DMD can implicitly convert class pointer to the bool. Is it bug or terrible feature?

ilya-stromberg ilya-stromberg-2009 at yandex.ru
Mon Nov 25 03:06:48 PST 2013


On Monday, 25 November 2013 at 09:39:14 UTC, ilya-stromberg wrote:
> On Monday, 25 November 2013 at 04:35:10 UTC, Andrei 
> Alexandrescu wrote:
>> On 11/24/13 8:27 PM, Craig Dillabaugh wrote:
>>> Would it be possible to introduce a global scope of sorts that
>>> had to be explicitly referenced when one wanted to define or 
>>> use
>>> a global variable. I haven't thought of how this might 
>>> interface
>>> with other D features, but something along the lines of:
>>>
>>> @global int my_gobal_var; //Gets added to global scope.
>>>
>>> //Then any globals would have to be referenced as:
>>> global.my_global_var = 7;
>>>
>>> Makes for a bit of extra typing, and would mess with any 
>>> module
>>> named 'global', but it might work?
>>
>> To put it bluntly, many things are possible but it seems the 
>> best is to do nothing here.
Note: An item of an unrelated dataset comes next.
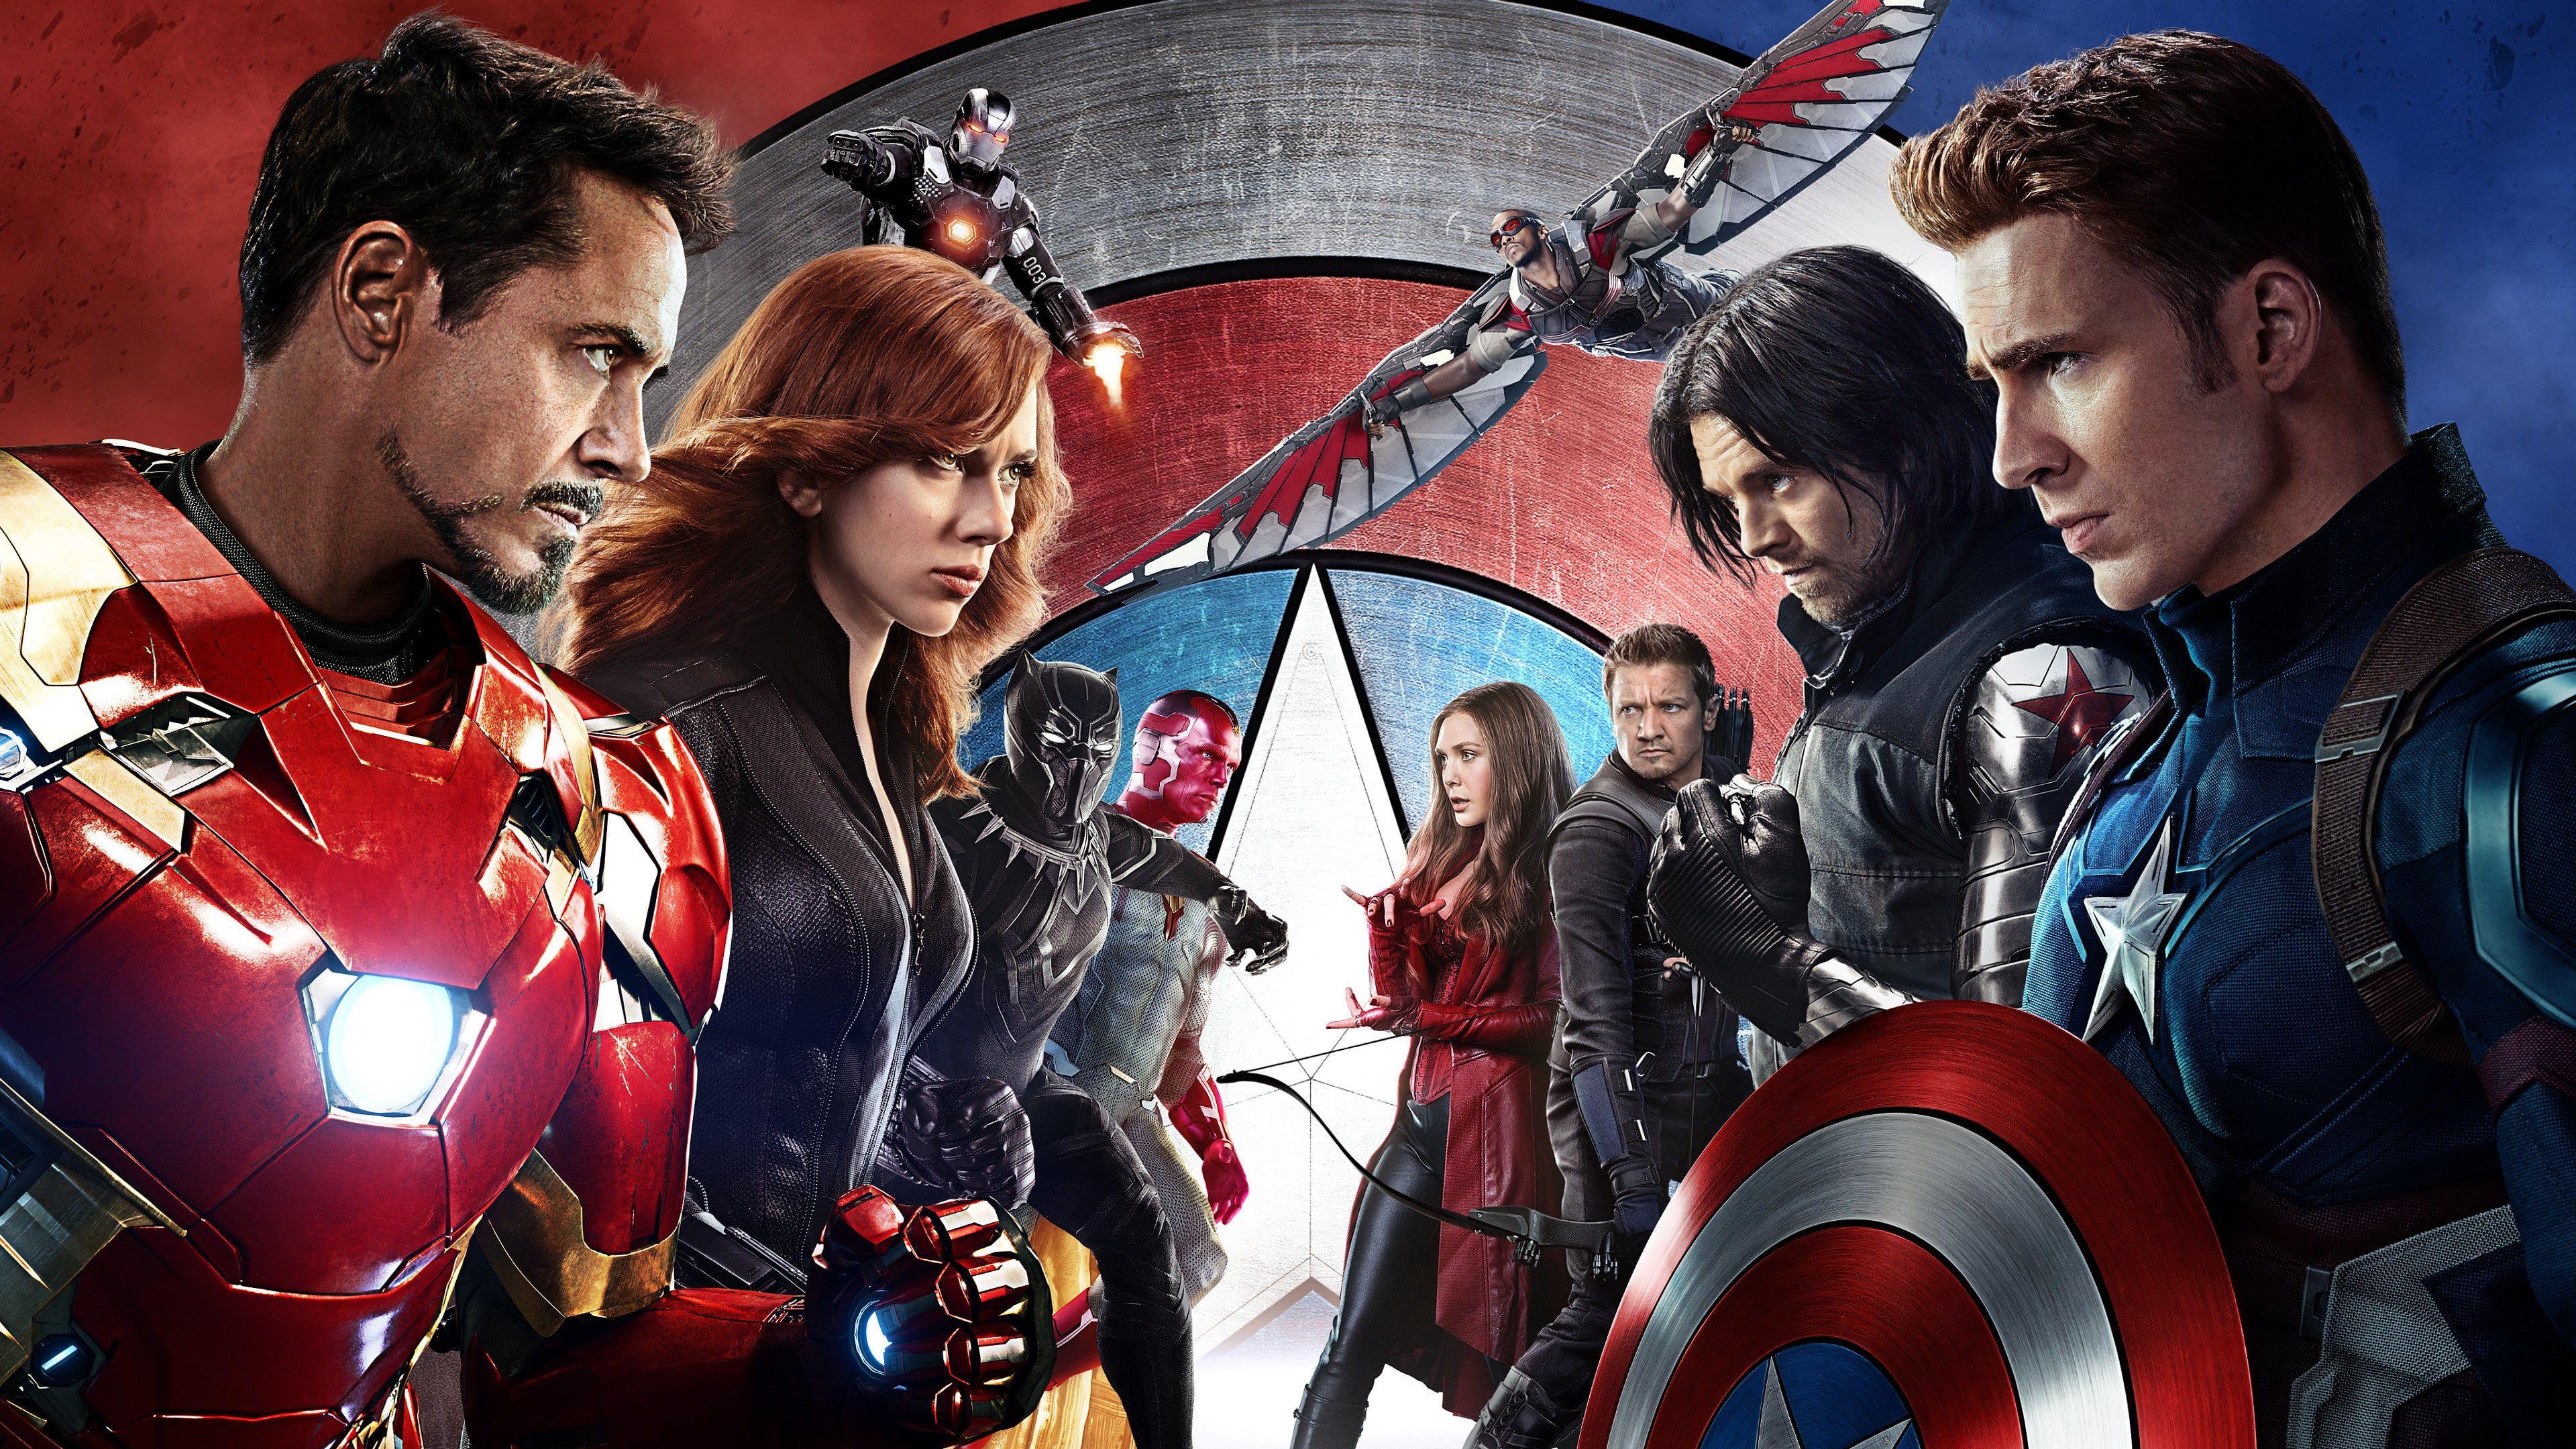 Amerika Kapitany Polgarhaboru 2016 Teljes Film Magyarul Online Hd Hu Mozi Amerika Kap Captain America Civil War Captain America Civil America Civil War

We're in good shape.
>
> I personally like Craig Dillabaugh's sugestion. But we can use 
> `.` operator for this because it alredy used for call global 
> functions and, probably, should break nothing. Like this:
>
> int my_gobal_var;
>
> .my_global_var = 7;
>
> Is it possible?

Sorry if I didn't explain idea properly.

We can force using `.` before global variables. Almost everybody 
agree that use global variables is bad idea, so additional symbol 
looks acceptable.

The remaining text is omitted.